The town of Miyama is located in a mountainous, once largely isolated area roughly 50 kilometers north of the city of Kyoto. The town encompasses dozens of small villages and hamlets across the Yura River valley with a combined population of around 3,500. Miyama is famous for the traditional thatched-roof houses that were once common throughout the area and remain in residential use in places such as the historic Kayabuki no Sato village.

Miyama is no longer as secluded as in past centuries and can be easily reached by train and bus from Kyoto. The near-to-nature, sustainable, and community-focused way of life long practiced in the area remains very much alive. Much of the food produced in Miyama is consumed locally, natural resources are managed with future generations in mind, and customs and rituals are maintained by local communities. The town’s residents are committed to protecting this lifestyle while sharing it with travelers through a variety of experiential programs.

Miyama has been recognized for encouraging environmentally conscious living through safeguarding its heritage, including practices such as traditional agriculture. In addition, the town is internationally noted for its sustainability initiatives. In 2021, Miyama was named one of the world’s Best Tourism Villages by the United Nations World Tourism Organization (UNWTO) in recognition of the municipality’s efforts to promote sustainable tourism that preserves culture, traditions, and biodiversity while empowering its residents.

Farmhouse Stays

Several guest houses in Miyama offer the opportunity to experience the eco-friendly and community-focused lifestyle the town is noted for.

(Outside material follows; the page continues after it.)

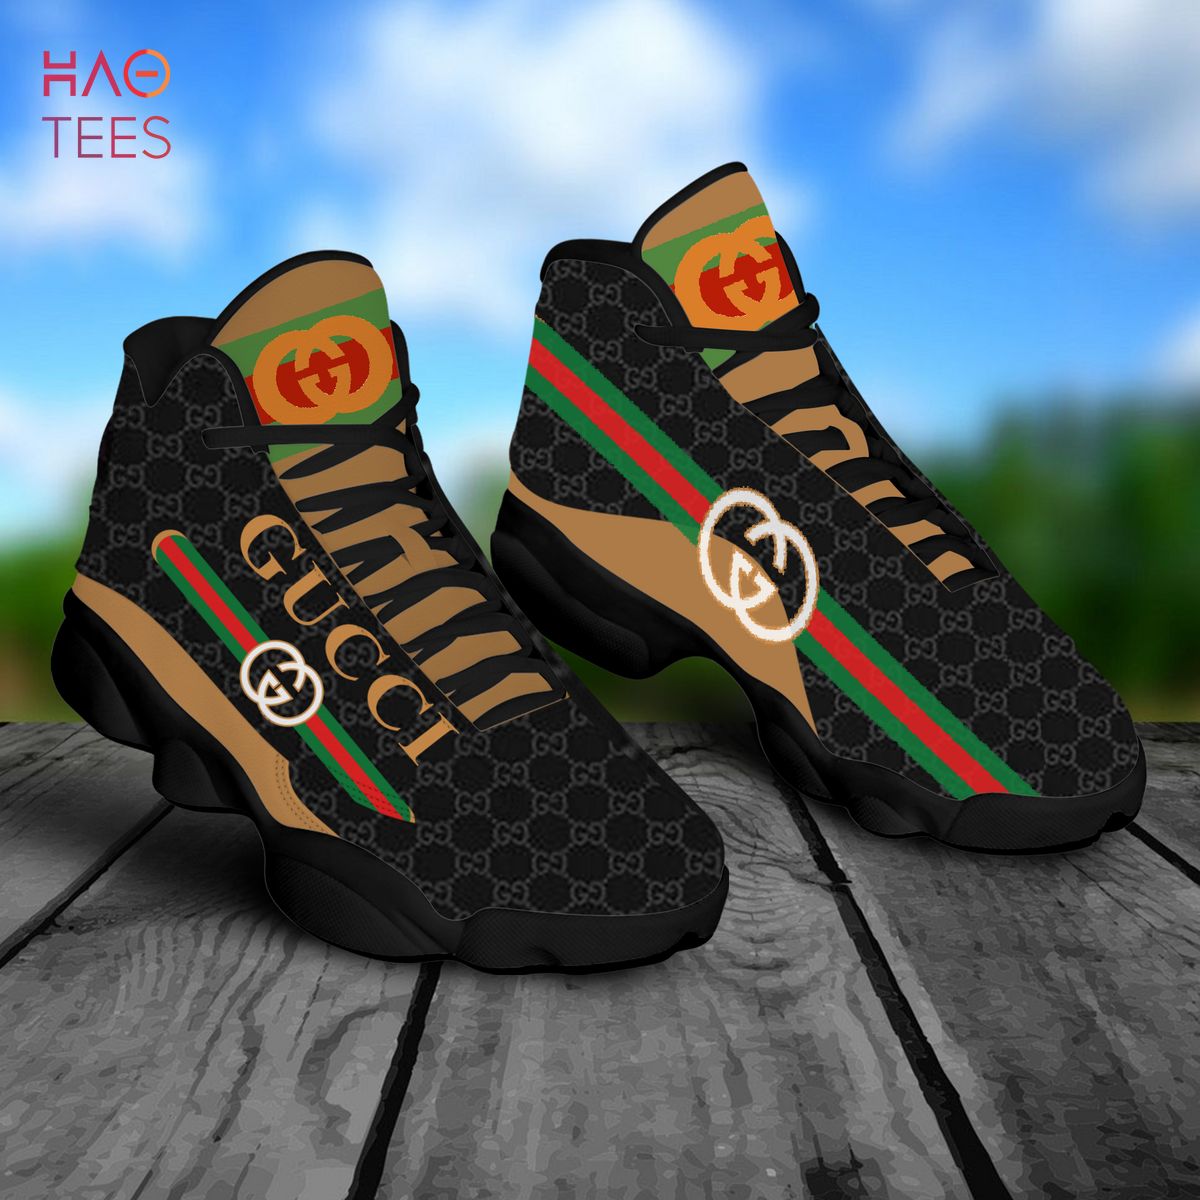 Gucci x Air Jordan 13 Black Shoes POD Design

Although not full-fledged farms, these retreats are set in tranquil natural surroundings and are inviting places to spend time away from the bustle of city life. Some are traditional thatched-roof buildings, including the historic Kayabuki no Sato village’s B&B Matabe, which is operated by a company run by village residents. Others are modern buildings equipped with the conveniences of a hotel, but all are managed with a commitment to the town’s ethos of sustainability and minimizing waste.

Getting acquainted with everyday life in Miyama is easy at places such as the family-run Farmhouse Inn Kurian, where cats roam in and out of the house and chickens cluck from the garden where they lay their eggs. Upon arrival in the afternoon, guests are seated around the house’s traditional irori open hearth and served freshly whisked matcha tea with sweets. Those with energy left after the journey to Miyama are invited to help prepare vegetables for dinner and perhaps pick up a few cooking techniques. Evening meals around the hearth often feature local, sustainably grown free-range chicken cooked in a large pot over the fire. At Kurian, guests sleep on futon laid out on tatami-mat flooring, although there are also inns that offer beds.

After breakfast at Kurian, guests can try their hand at making udon noodles. First, you mix the dough, knead it to the right consistency, then leave it to rest while selecting some seasonal produce from the host family’s vegetable patch to make into tempura. Next, the dough is rolled out and the noodles are shaped and cut in preparation to be boiled and served with freshly fried tempura. Lunch is served in the open air, weather permitting. After lunch, there is time to take in the surroundings on a walk down to the Yura River.

Each guest house has its own program of experiences, which might include options like guided hiking tours, a hands-on class in roof thatching, or making zori straw sandals.